I'd like to rework the other product-data classes first, deriving them all
from class xml_serializable (and using ns xml_serialize for the datatypes
they contain, as at present). Before doing anything else, though, I want
to clean up the xml_serializable API; for example, I had originally planned
to pass any_member<T> arguments to read_element() and write_element(), but
instead passed a T& and the member name; and the T& is unneeded, because
it's just (T)(*this).

We always knew xml would be slower than the old product-file code.

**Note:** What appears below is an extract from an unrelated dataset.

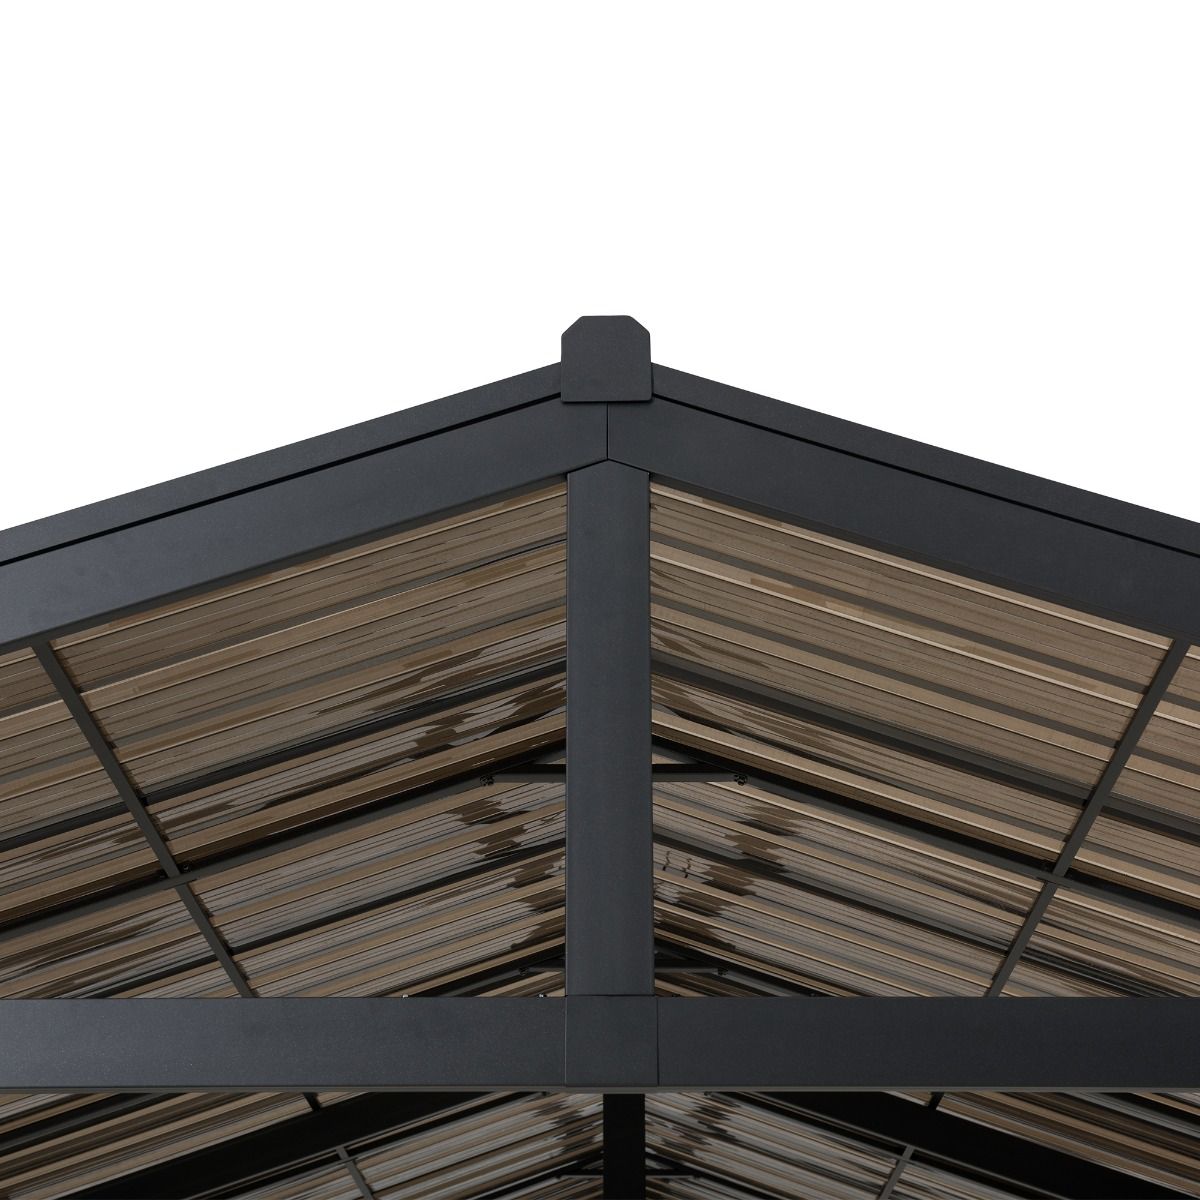 AutoCove 20 ft. W x 14 ft. D x 10 ft. H Newville Carport with Brown  Polycarbonate Top

Here are
unit-test results for 'product_file_test':

before xml:
  Read 'policy'     : 1.539e-04 s =     153918 ns, mean of 100 iterations
original xml:
  Read 'policy'     : 1.158e-03 s =    1157625 ns, mean of 100 iterations
today (with annotations):
  Read 'policy'     : 3.253e-03 s =    3253169 ns, mean of 100 iterations

And here are timings for complete system tests:

revision 4841:
  make system_test > ../log 2>&1  83.08s user 66.67s system 44% cpu 5:37.89 
total
revision 4842 [I happen to have three runs]:
  make system_test > ../log 2>&1  82.88s user 67.82s system 42% cpu 5:54.44 
total
  make system_test > ../log 2>&1  81.80s user 67.58s system 42% cpu 5:48.10 
total
  make system_test > ../log 2>&1  82.05s user 68.31s system 42% cpu 5:52.62 
total

An extra ten or fifteen seconds doesn't sound like much, but reading a
'.policy' file only takes "3.253e-03 s" according to the unit tests, so it
seems likely (and experimentation confirms) that these files are loaded
several times for each illustration produced; perhaps that matters enough
now to justify either reworking file access, or caching the files, or both.
These pre-xml timings:
  Read 'database'   : 1.484e-02 s =   14843822 ns, mean of  68 iterations
  Read 'fund'       : 7.479e-05 s =      74795 ns, mean of 134 iterations
  Read 'policy'     : 1.539e-04 s =     153918 ns, mean of 100 iterations
  Read 'rounding'   : 7.639e-05 s =      76392 ns, mean of 131 iterations
  Read 'stratified' : 3.558e-04 s =     355843 ns, mean of 100 iterations
indicate why I'm holding back the '.database' conversion to xml until I
find time to consider caching carefully.

(BTW, class Ledger has stuff like
  <data>
   <newcolumn>
     <column name="AVRelOnDeath_Guaranteed">
       <duration number="0" column_value="0"/>
       <duration number="1" column_value="0"/>
which should be reworked similarly someday. One thing at a time.)